The Fugitive Princesses of Dubai

The Fugitive Princesses of Dubai

Far out on the Arabian Sea one night in February, 2018, Sheikha Latifa bint Mohammed Al Maktoum, the fugitive daughter of Dubai’s ruling emir, marvelled at the stars. The voyage had been rough. Since setting out by dinghy and Jet Ski a few days before, she had been swamped by powerful waves, soaking the belongings she’d stowed in her backpack; after clambering aboard the yacht she’d secured for her escape, she’d spent days racked with nausea as it pitched on the swell. But tonight the sea was calmer, and she felt the stirring of an unfamiliar sensation. She was free.

Latifa was thirty-two and petite, with a loose ponytail and intense dark eyes. Beside her was her friend Tiina Jauhiainen, a Finnish martial-arts instructor who had helped prepare for her escape. The night was cool, and the women were huddled in hoodies, but Latifa urged her friend to sleep on deck with her. Jauhiainen was tired, and promised they could do it another time: from now on, there would be plenty of chances to see the stars.

For more than half her life, Latifa had been devising plans to flee her father, Sheikh Mohammed bin Rashid Al Maktoum, the leader of Dubai and the Prime Minister of the United Arab Emirates. Sheikh Mohammed is an ally of Western governments, celebrated for transforming Dubai into a modern power. Publicly, he has placed gender equality at the heart of his plan to propel the U.A.E. to the top of the world economic order, vowing to “remove all the hurdles that women face.” But for his daughter Dubai was “an open air prison,” where disobedience was brutally punished.

In her teens, Latifa had been ferociously beaten for defying her father. As an adult, she was forbidden to leave Dubai and kept under the constant surveillance of guards. Escape presented a challenge of “unfathomable immensity,” Latifa knew. “It will be the best or last thing I do,” she wrote. “I have never known true freedom. For me, it’s something worth dying for.” (I have drawn details of Latifa’s experience from hundreds of letters, e-mails, texts, and audio messages that she sent to friends in the course of a decade.)

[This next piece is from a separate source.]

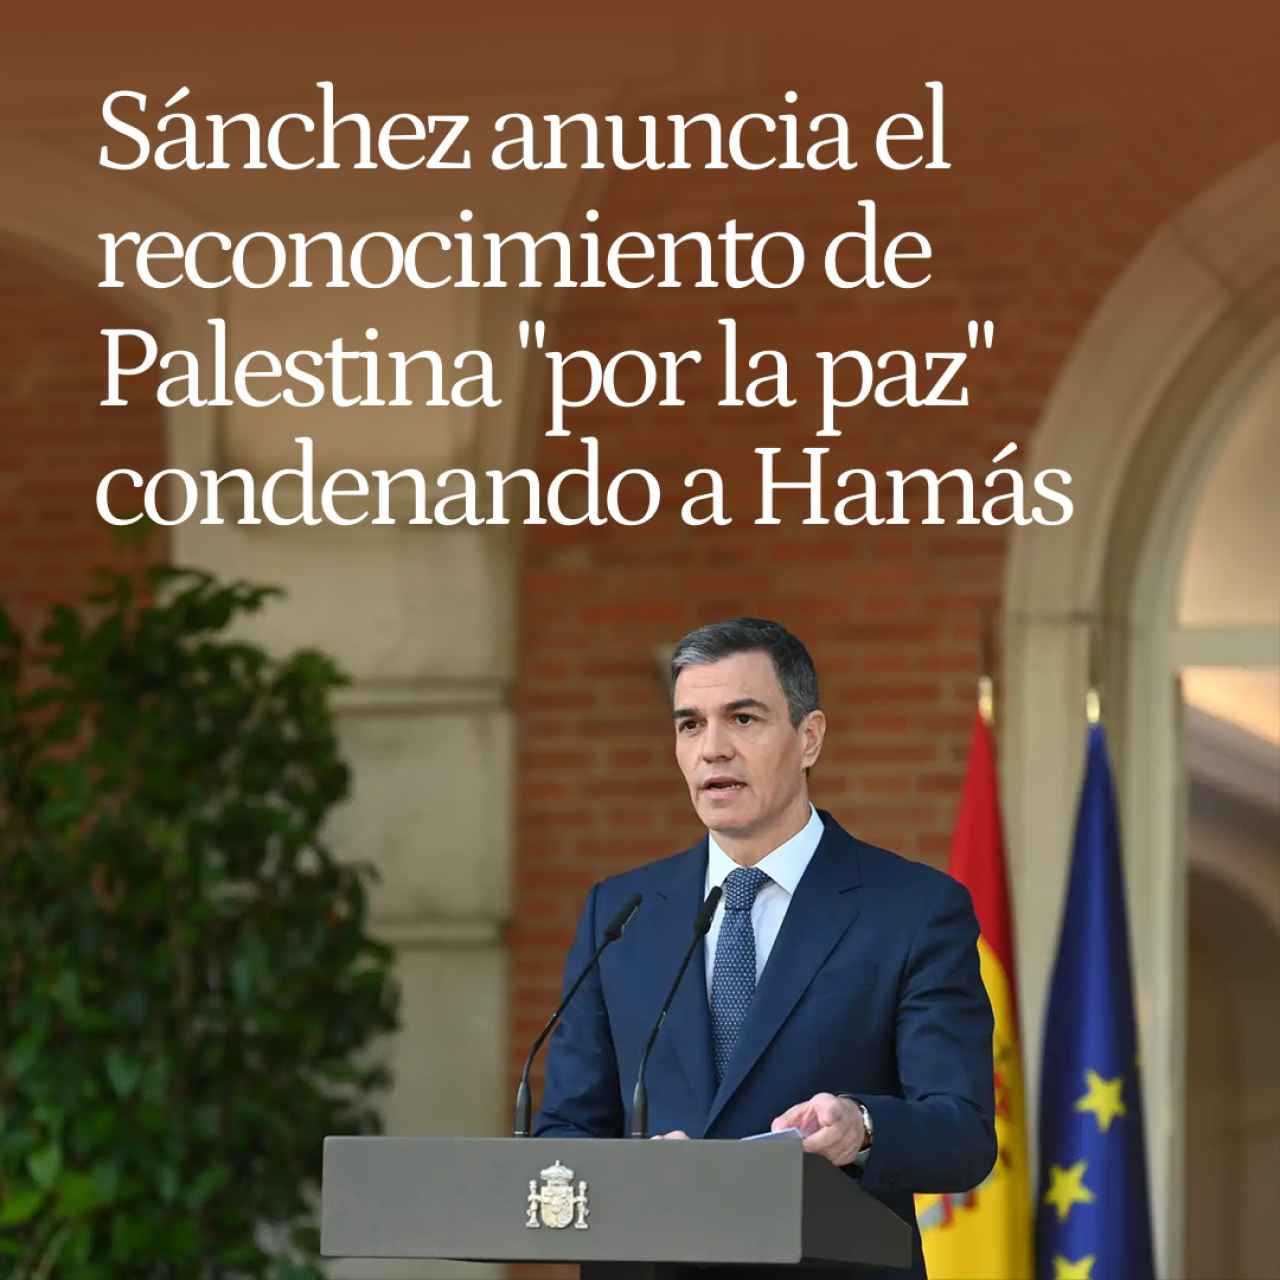 Pedro Sánchez anuncia el reconocimiento "histórico" de Palestina "por la paz" condenando a Hamás

Latifa had kept her plan secret for years as she laid the groundwork: training in extreme sports, obtaining a fake passport, and smuggling cash to a network of conspirators. By the time she revealed the scheme to Jauhiainen, she had already hired a yachtsman to collect her off the coast and convey her to India or Sri Lanka, from where she hoped to fly to the United States and claim asylum. She just needed help getting to the rendezvous point, sixteen miles offshore, in international waters.

Jauhiainen is a sturdy, forthright woman, with high cheekbones and ice-blue eyes. She had grown close to Latifa while giving her capoeira lessons on the palace grounds, and wanted to help her see the world. “I was so excited,” she told me. “Finally, we will be able to do this together.” She’d promised to accompany Latifa all the way to freedom.

Before they set off, Latifa sneaked over to Jauhiainen’s apartment, which had become a storehouse for the scuba equipment, satellite communicators, and boat parts the two women had amassed, and sat down in front of a video recorder. Dressed in a loose blue T-shirt, she recorded almost forty minutes of testimony, to be released in the event of her capture. Her father, she said, was a “major criminal,” responsible for torturing and imprisoning numerous women who disobeyed him. Her older sister had languished in captivity under sedation following her own attempt to get out, eighteen years earlier, she said, and her aunt had been killed for disobedience. Latifa was running away to claim a life “where I don’t have to be silenced,” where she could wake up in the morning and think, “I can do whatever I want today, I can go wherever I want, I have all the choices in the world.” (Attorneys for Sheikh Mohammed denied any wrongdoing on his part, but declined to respond to detailed questions.)